Task prompt =
A faithful copy is required: transcribe each line below exactly, minus the pictures.

Raw data =
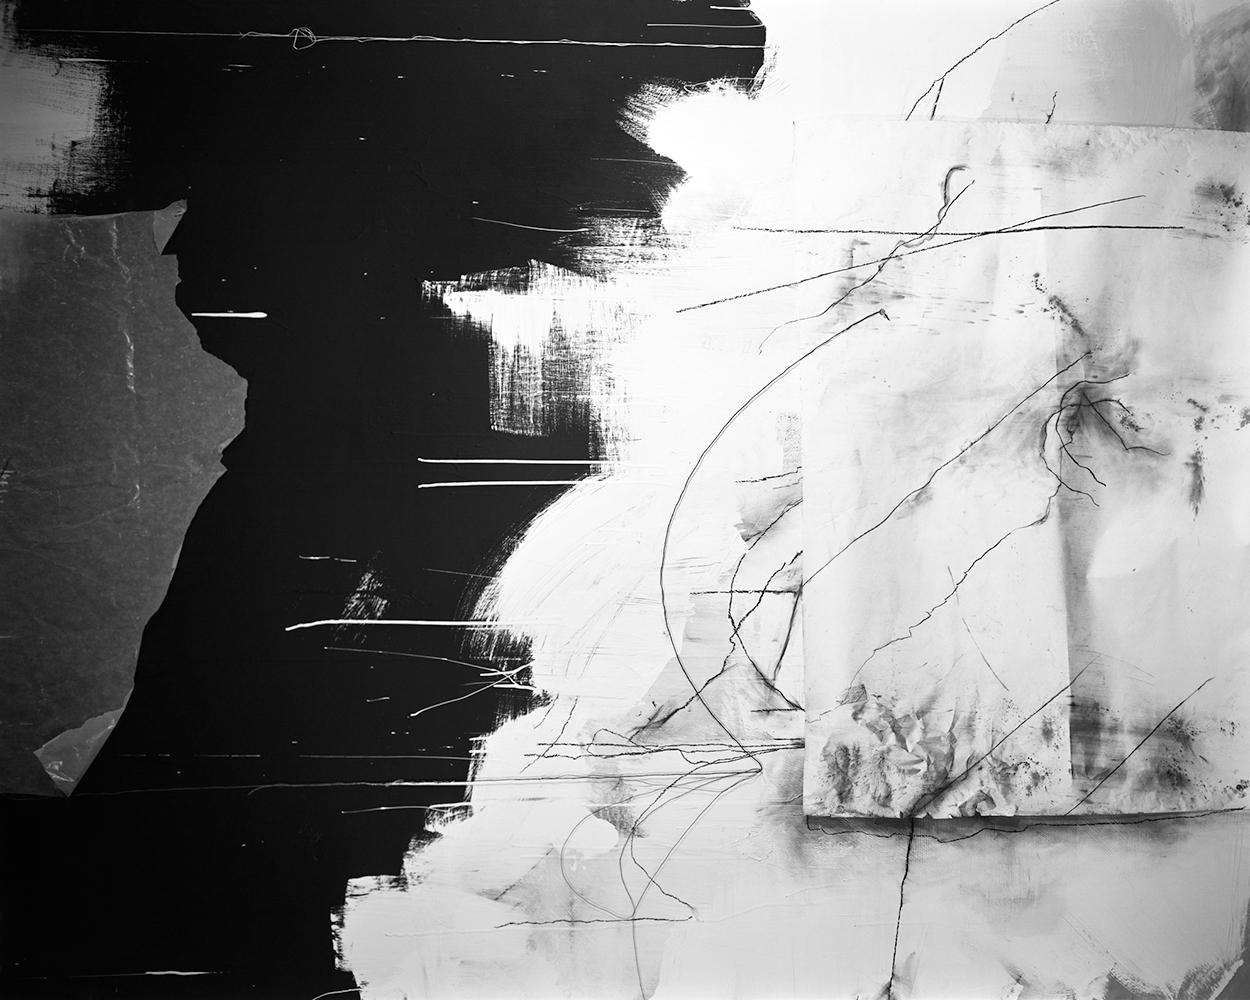 Lauren Semivan,  Pitch,  2014. Archival pigment print.
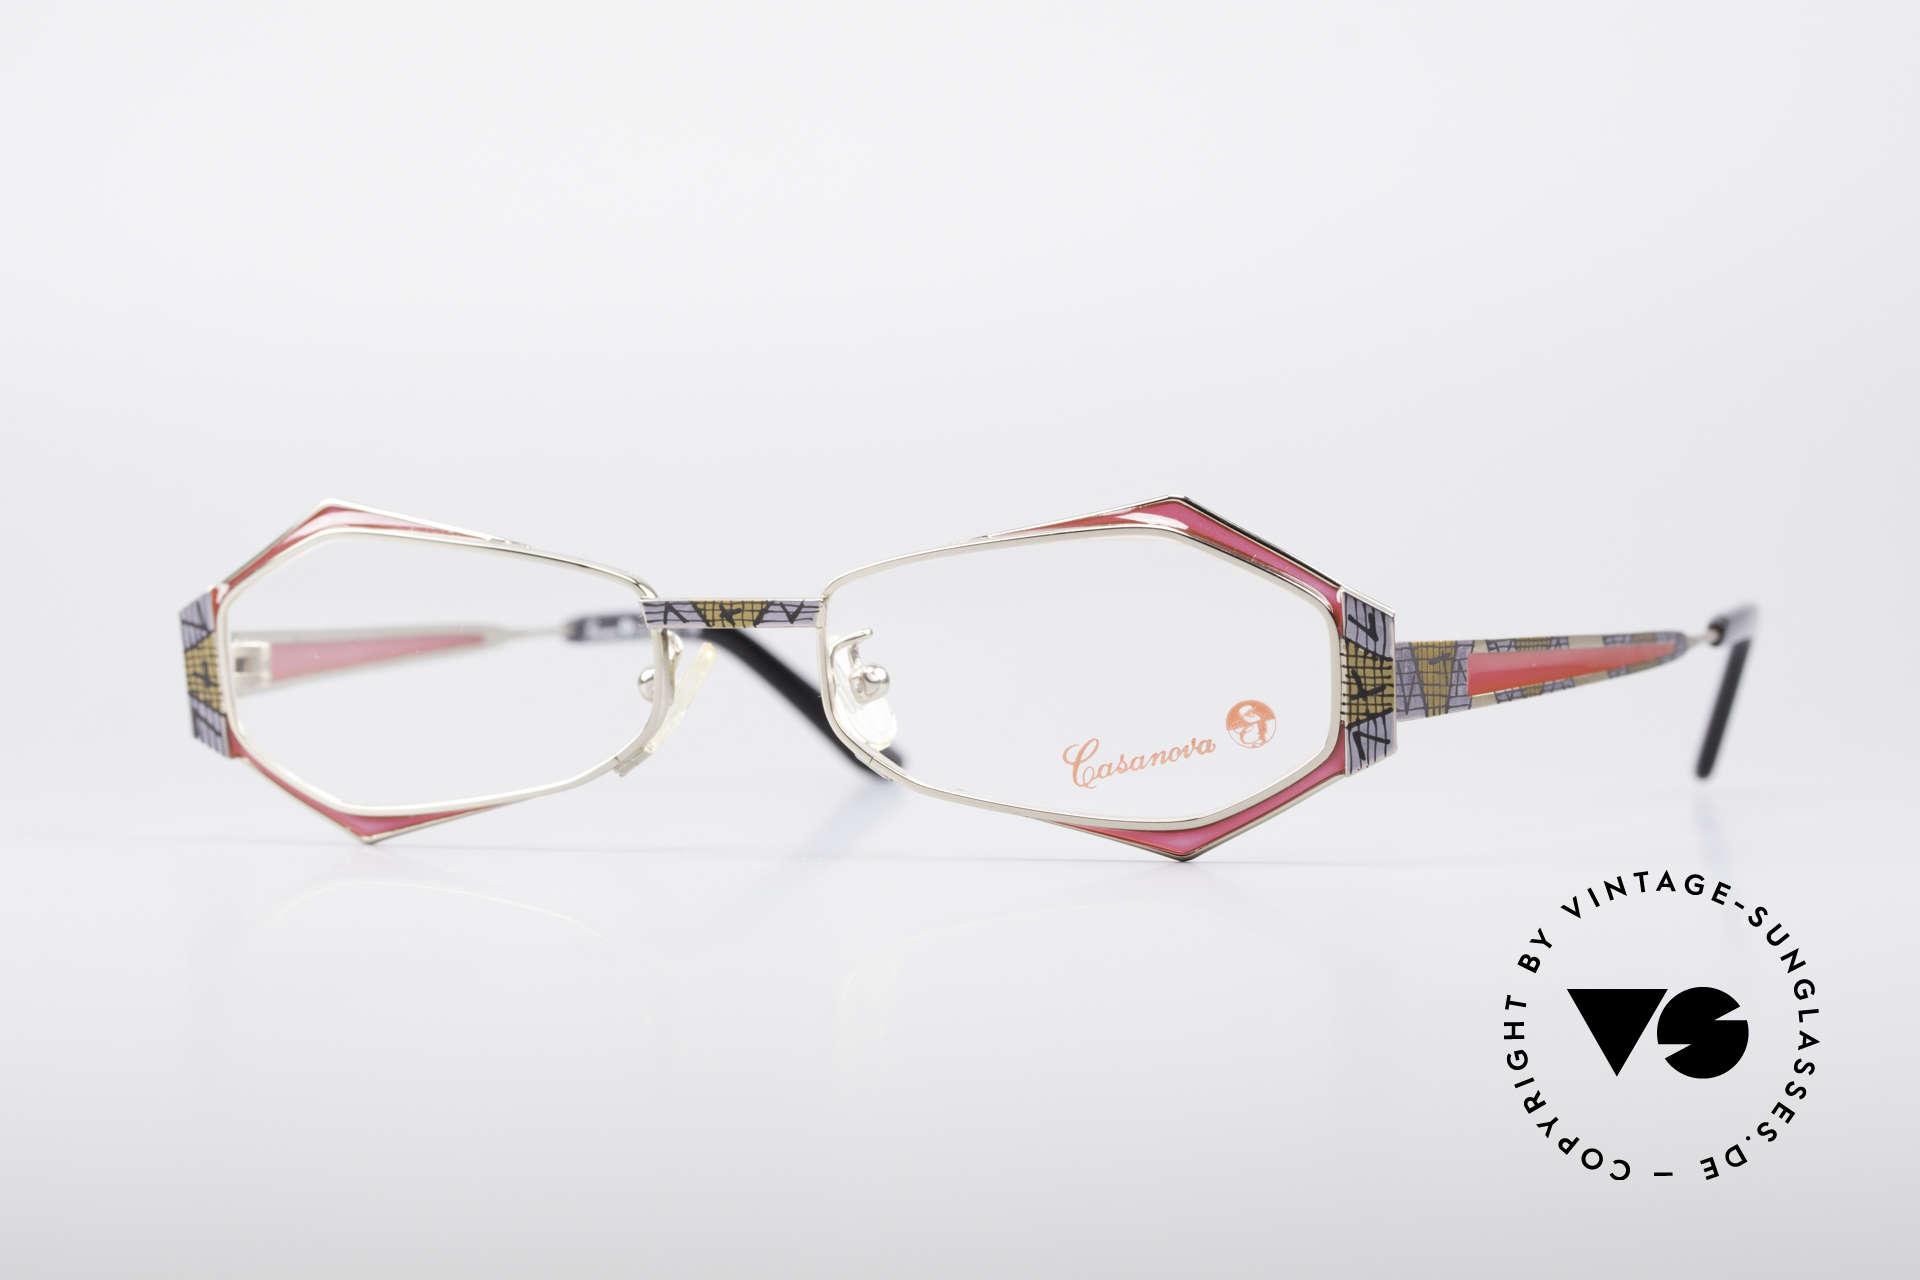 Casanova LC54 Ladies Vintage Frame, eye-catching Casanova vintage glasses of the 1990's, Made for Women
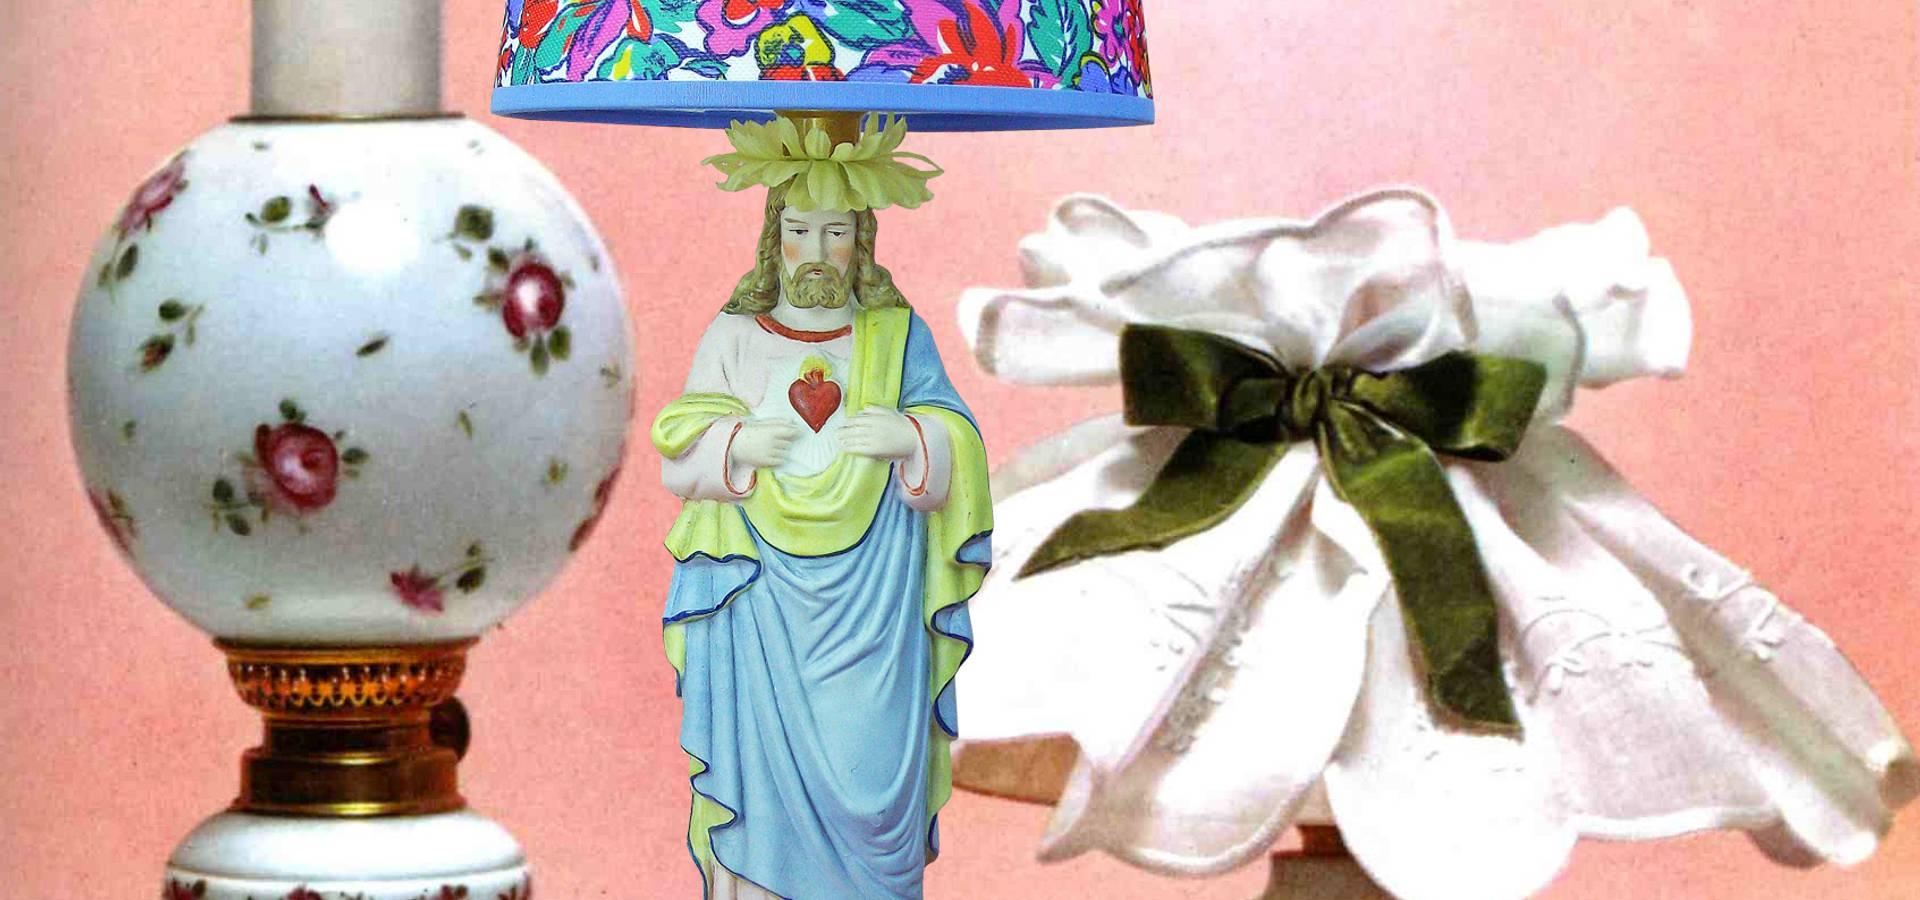 Les ineffables by marion laurent

Solution to the problem =
 Lauren Semivan,  Pitch,  2014. Archival pigment print.
 Casanova LC54 Ladies Vintage Frame, eye-catching Casanova vintage glasses of the 1990's, Made for Women
 Les ineffables by marion laurent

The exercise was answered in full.